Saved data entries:
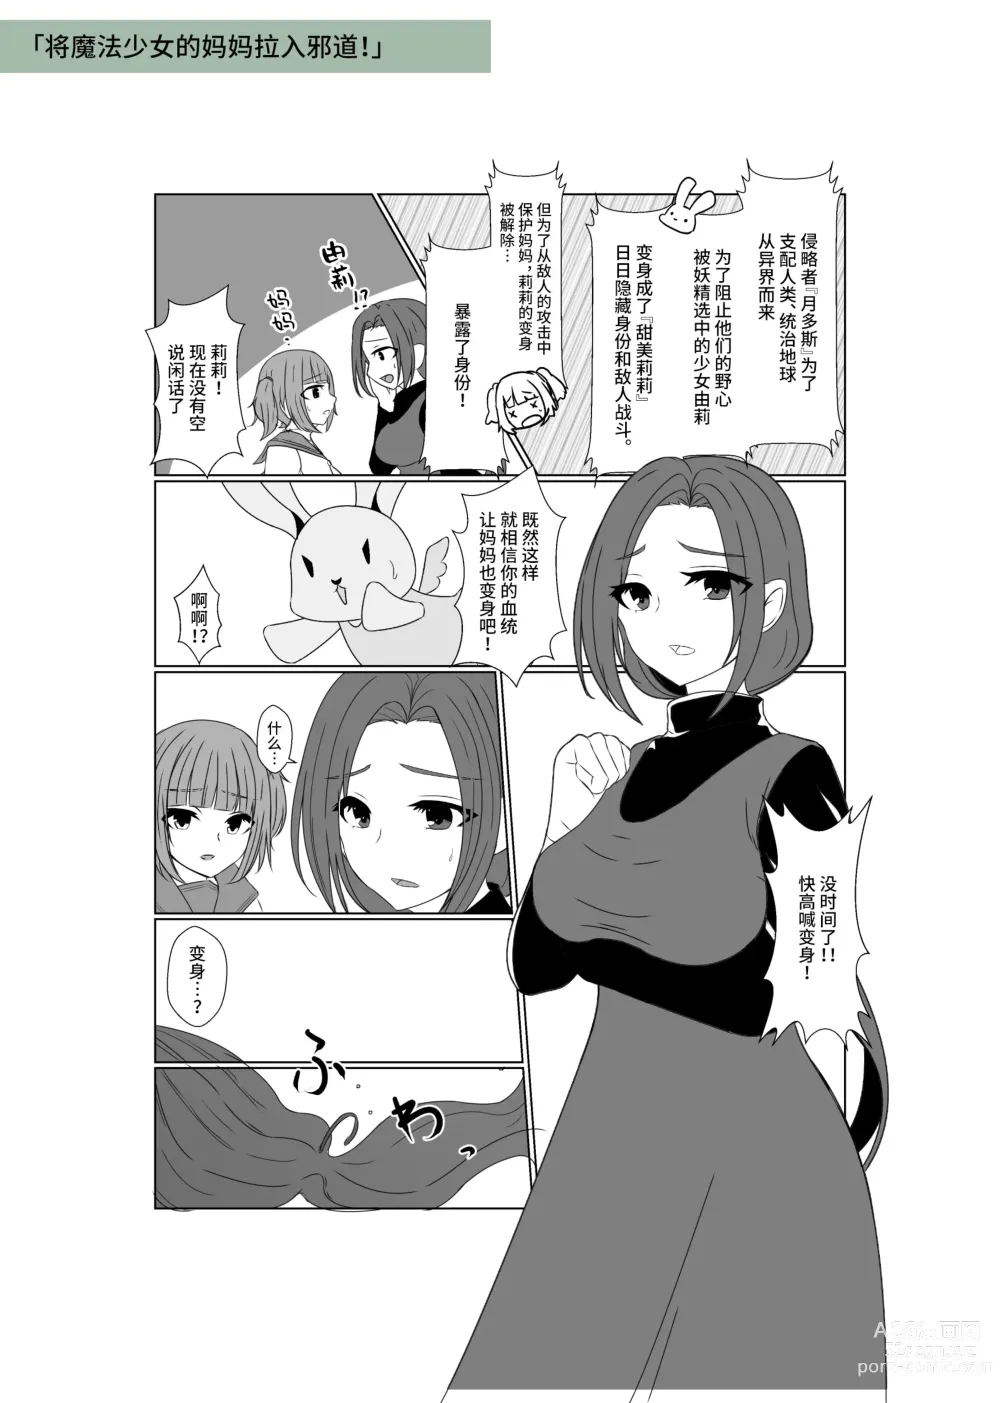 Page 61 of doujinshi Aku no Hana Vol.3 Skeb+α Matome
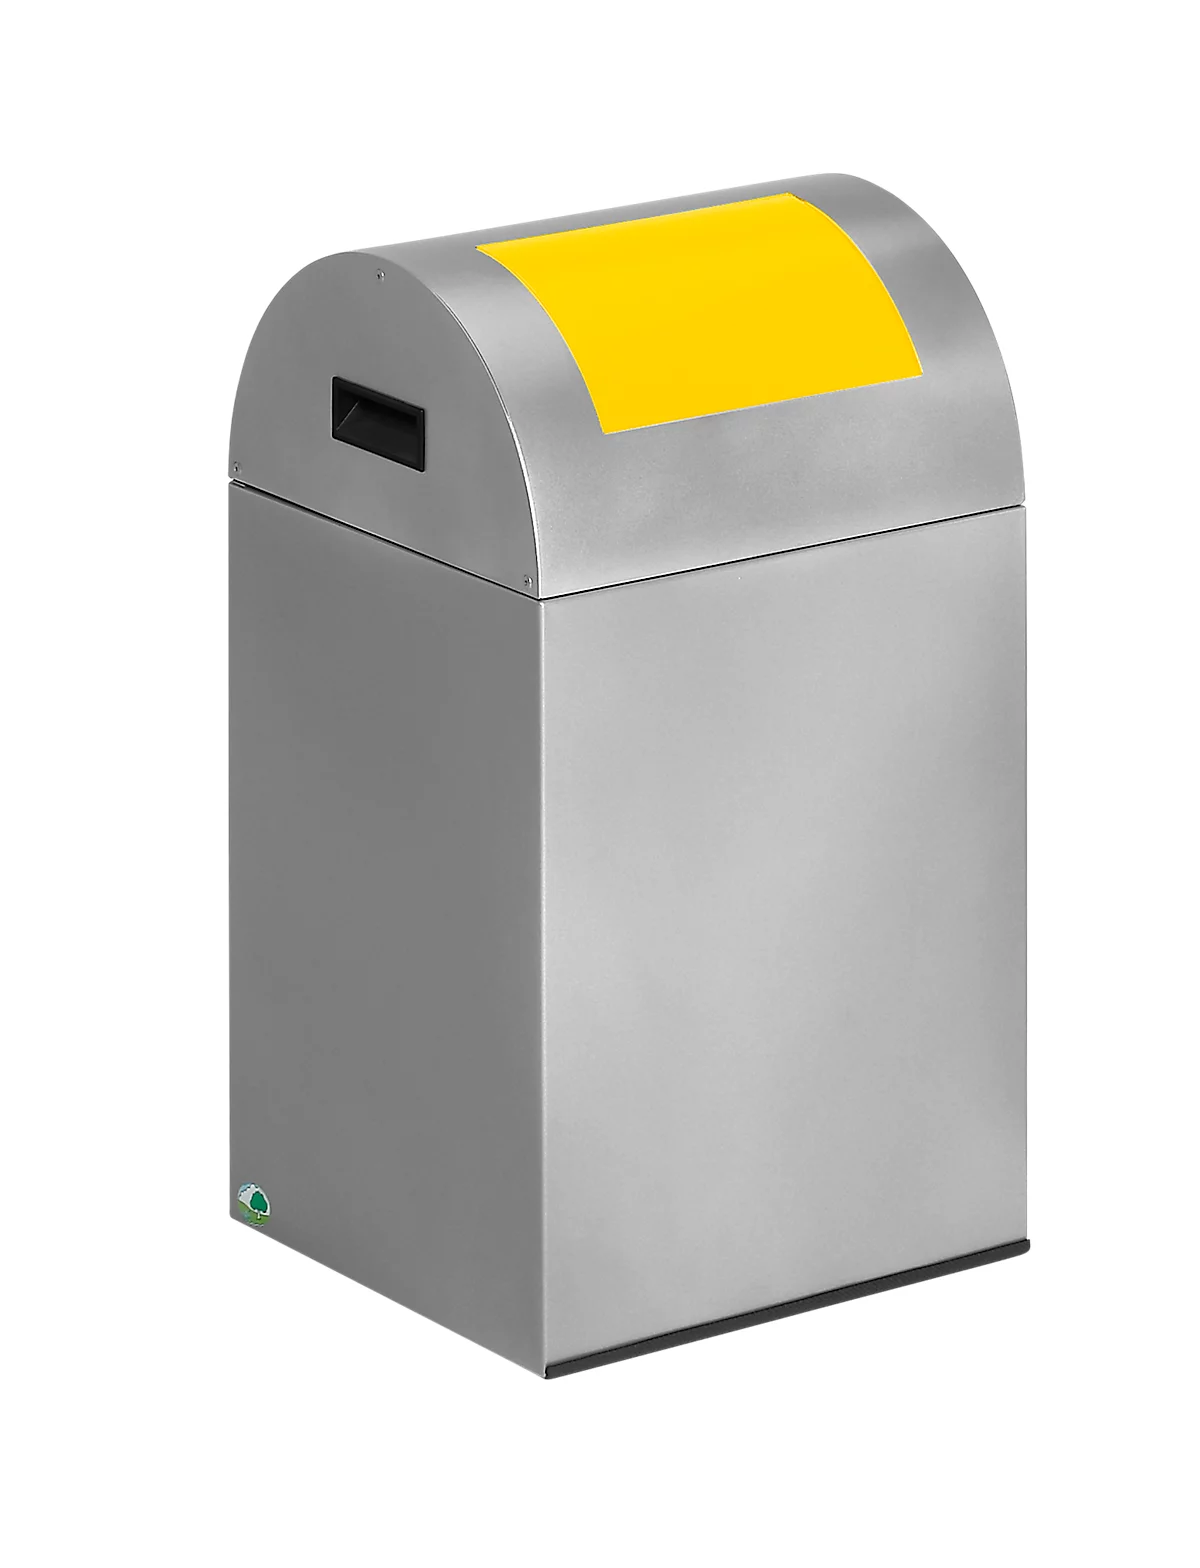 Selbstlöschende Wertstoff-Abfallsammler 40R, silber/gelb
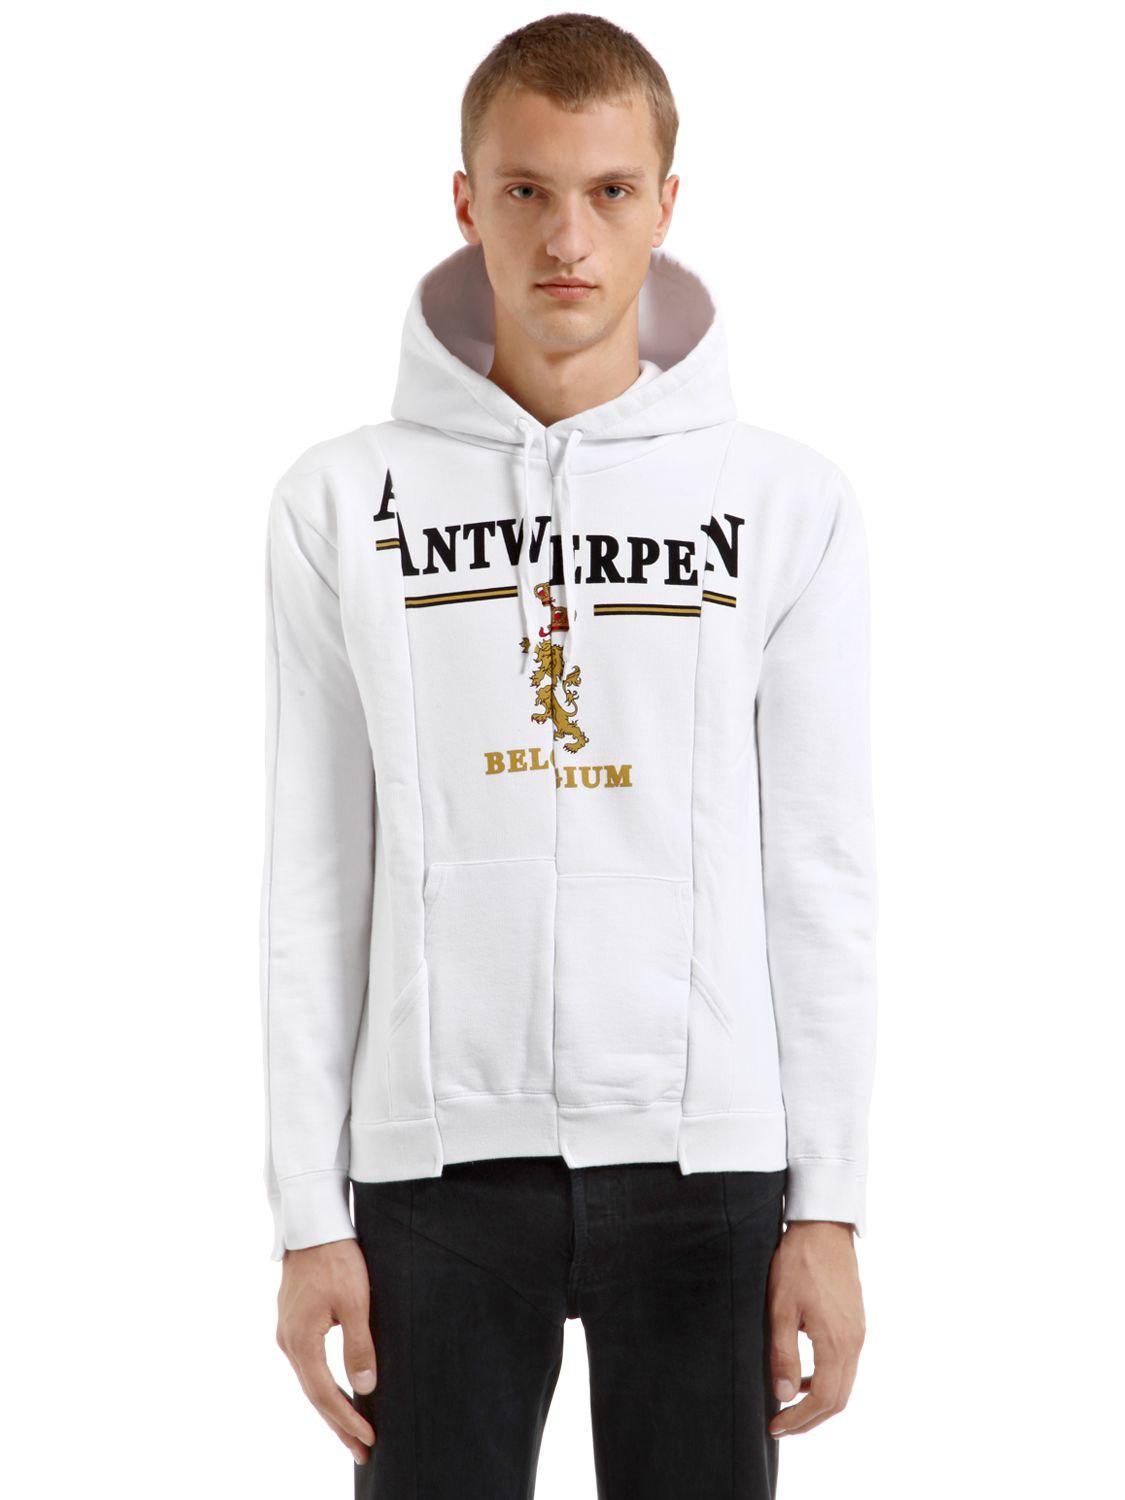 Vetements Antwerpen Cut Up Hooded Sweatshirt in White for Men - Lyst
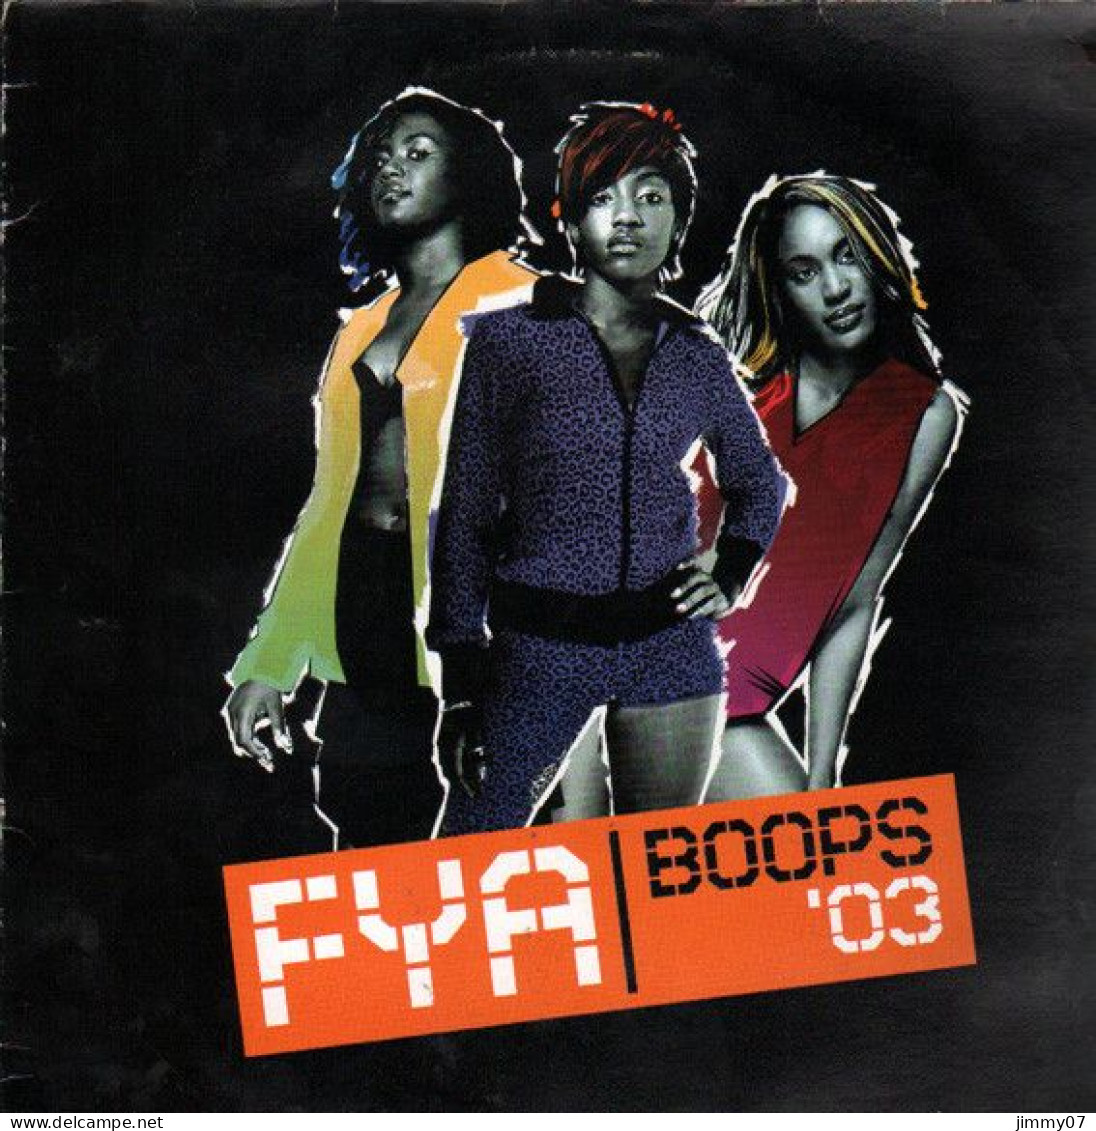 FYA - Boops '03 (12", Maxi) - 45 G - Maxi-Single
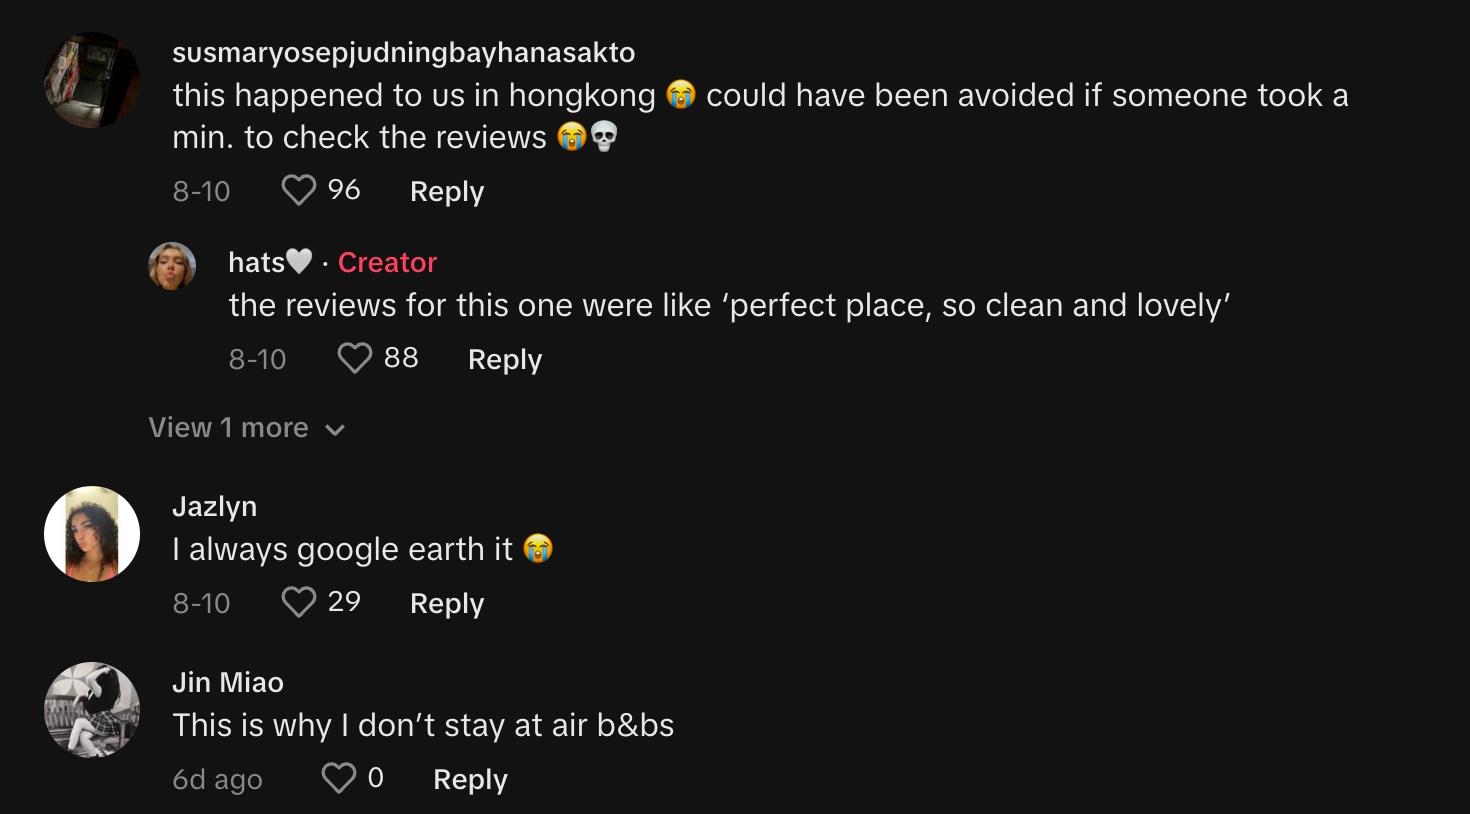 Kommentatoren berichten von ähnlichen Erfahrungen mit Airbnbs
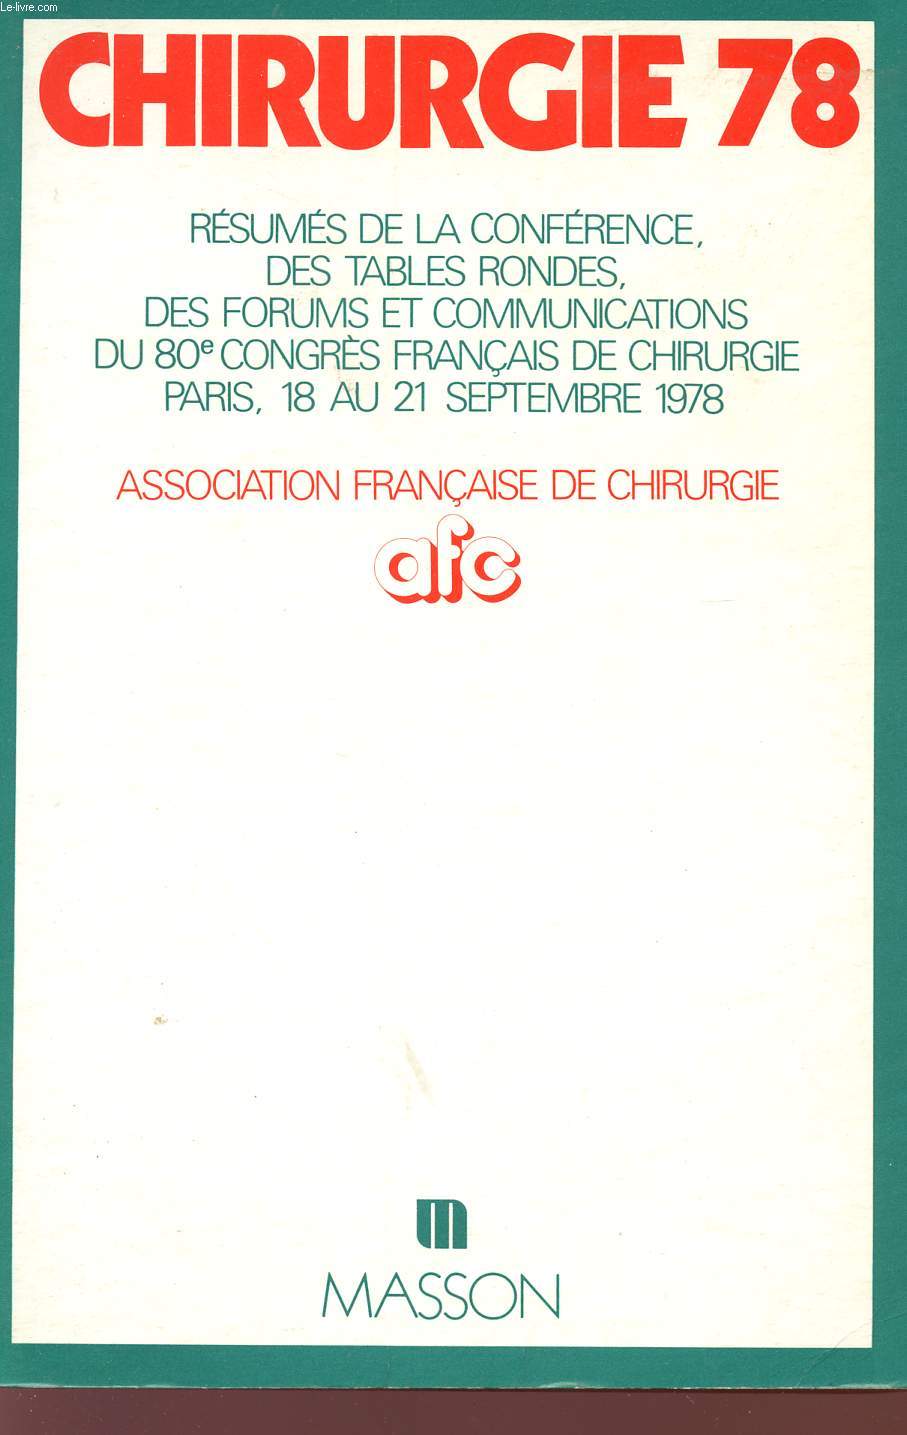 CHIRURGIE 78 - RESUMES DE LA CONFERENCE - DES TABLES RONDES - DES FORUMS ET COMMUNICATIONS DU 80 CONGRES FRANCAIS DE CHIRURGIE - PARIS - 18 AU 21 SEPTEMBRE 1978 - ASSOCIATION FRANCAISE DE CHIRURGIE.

EXERCISE DIRECTIONS: Return exactly the lines from the one containing "Vetements Antwerpen Cut" through the end of the records, leaving out every picture.

WRITTEN SOLUTION:
 Vetements Antwerpen Cut Up Hooded Sweatshirt in White for Men - Lyst
 FYA - Boops '03 (12", Maxi) - 45 G - Maxi-Single
 Kommentatoren berichten von ähnlichen Erfahrungen mit Airbnbs
 CHIRURGIE 78 - RESUMES DE LA CONFERENCE - DES TABLES RONDES - DES FORUMS ET COMMUNICATIONS DU 80 CONGRES FRANCAIS DE CHIRURGIE - PARIS - 18 AU 21 SEPTEMBRE 1978 - ASSOCIATION FRANCAISE DE CHIRURGIE.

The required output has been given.